AN IRANIAN GOVERNMENT official based in Dublin has denied that Iran had involvement in the 7 October attacks in Israel and rejected suggestions that it is engaged in a proxy war against the West.
Dr Kazem Sharif Kazemi is Charge d’Affaire of the Iranian Embassy in Dublin and he sat down with The Journal recently to discuss how his government views the crisis in the Middle East.
In a wide-ranging interview, the diplomat also answered questions about the recent bloodshed in his own country where the death of Mahsa Amini in police custody after her arrest for allegedly being in breach of Iran’s strict religious dress code for women sparked a resistance movement that reached his workplace in Dublin.
The Iranian Embassy is located in Blackrock – behind an imposing high railing with an extensive CCTV surveillance system is a property that was once home to Catholic Church officials.
In May, demonstrators gathered at the premises to protest against the treatment of women in Iran. Graffiti in the form of red bloodied hands was daubed on the gate pillars. Four people were charged over the incident.
Proxy War
Kazemi, a historian who has a background in academia in his home country, spoke extensively about the risk of a contagion effect in the region and the possibility of a wider conflict. Although he denied that Iran was involved in a proxy war in the region, he admitted that there was support from his government for what he terms “resistance groups”.
The diplomat did not mention the resistance groups by name but Hamas is the most active in the Palestinian territory and has been declared a terrorist organisation by the EU and US Government.
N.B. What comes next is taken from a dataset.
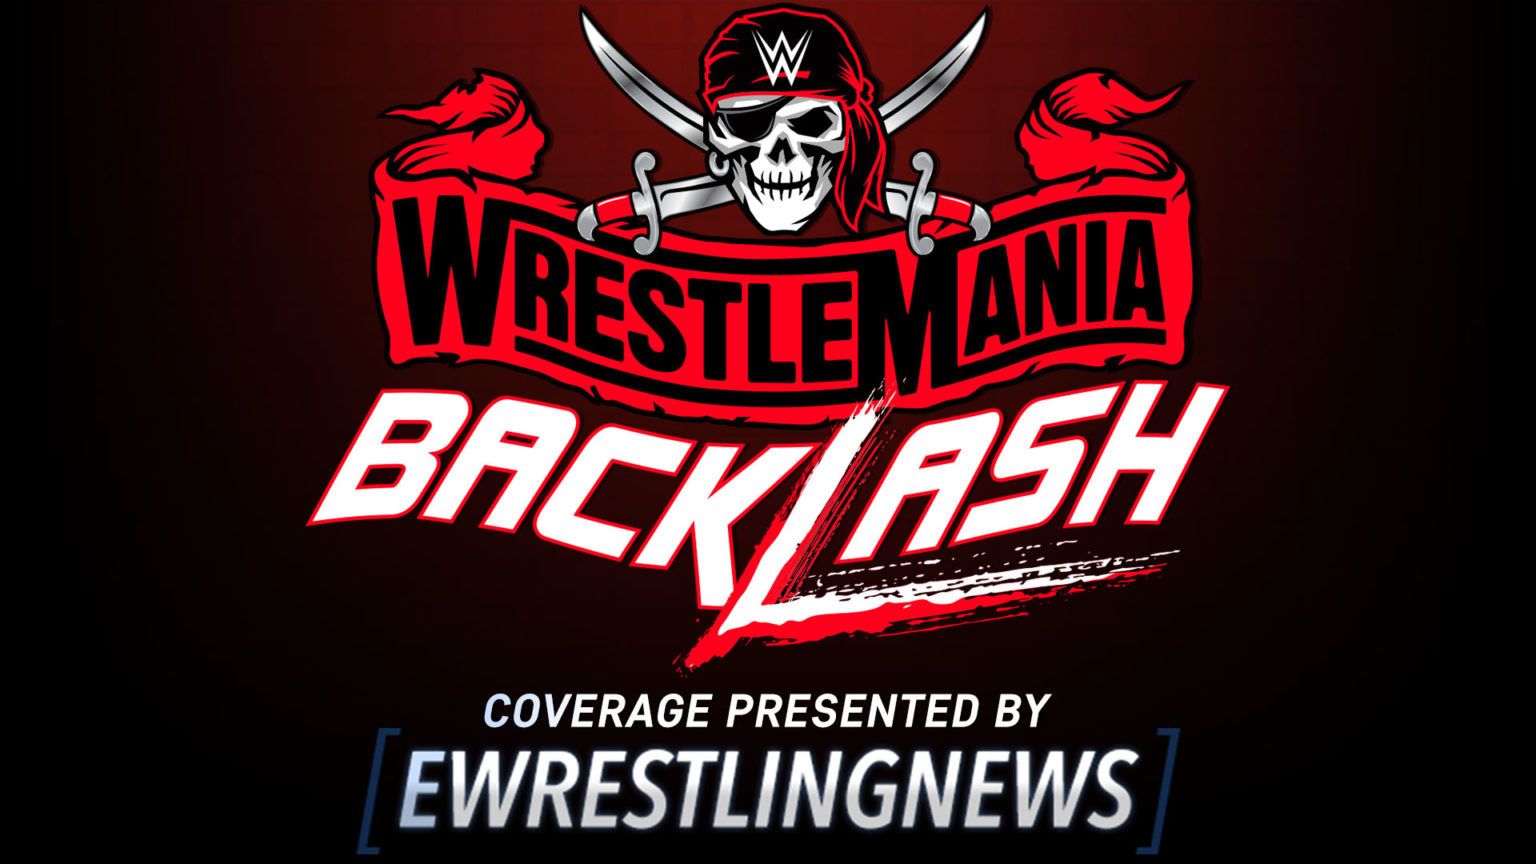 Watch The WWE WrestleMania Backlash Kickoff Show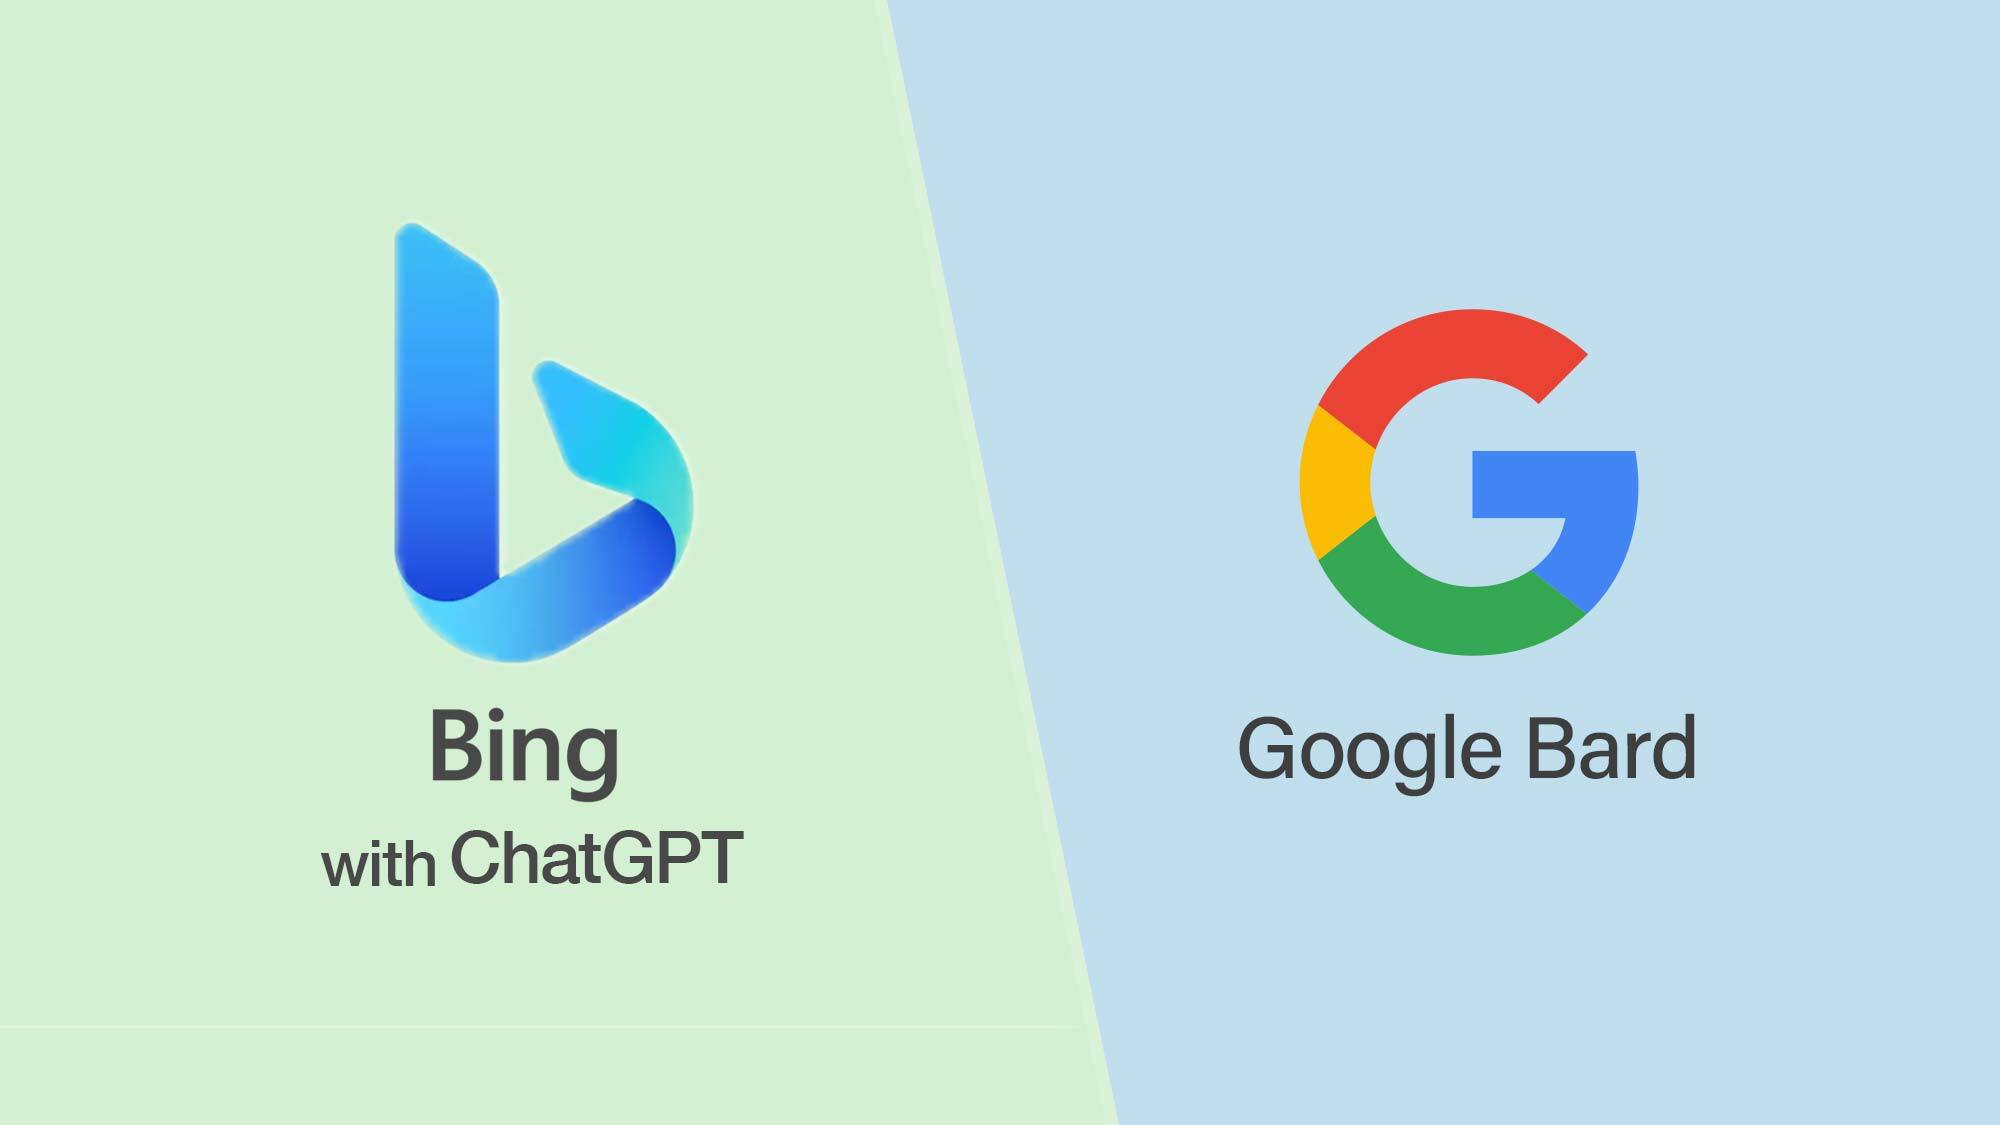 Bing avec ChatGPT vs Google Bard

Although Iran’s support for Hamas and Hezbollah in Lebanon is widely acknowledged in the West, US officials have confirmed Iran’s position that it did not have advance warning of the brutal 7 October attack by Hamas on Israel.
A proxy war is one in which a larger power uses smaller factions to fight with an opposing power – the larger State sponsors groups. It facilitates a deniability for those funding the activities of the smaller groups. In Iran’s case a number of studies have identified Hezbollah in Lebanon and Hamas in Gaza as two particular groups Iran is funding.
Earlier this week, Reuters reported from Dubai that Iran’s supreme leader told the head of Hamas at a meeting in Tehran that the country will not enter the war on its behalf.
Ayatollah Ali Khamenei told Ismail Haniyeh at the start of November that Hamas had Iran’s political and moral support but that it would not intervene directly.
Dr Kazem Sharif Kazemi of the Iranian Embassy in Dublin.
Gaza
Back in Dublin, Kazemi spoke at length about the dramatic escalation of hostilities in Palestine and said that the fighting between Israel and Hamas was a result of a failure of the international community.
As many as 1,200 Israelis were killed when Hamas fighters launched a devastating early morning raid inside Israel on 7 October. The majority of those killed were civilians. Another 241 hostages, many with dual citizenships, were taken by Hamas to Gaza.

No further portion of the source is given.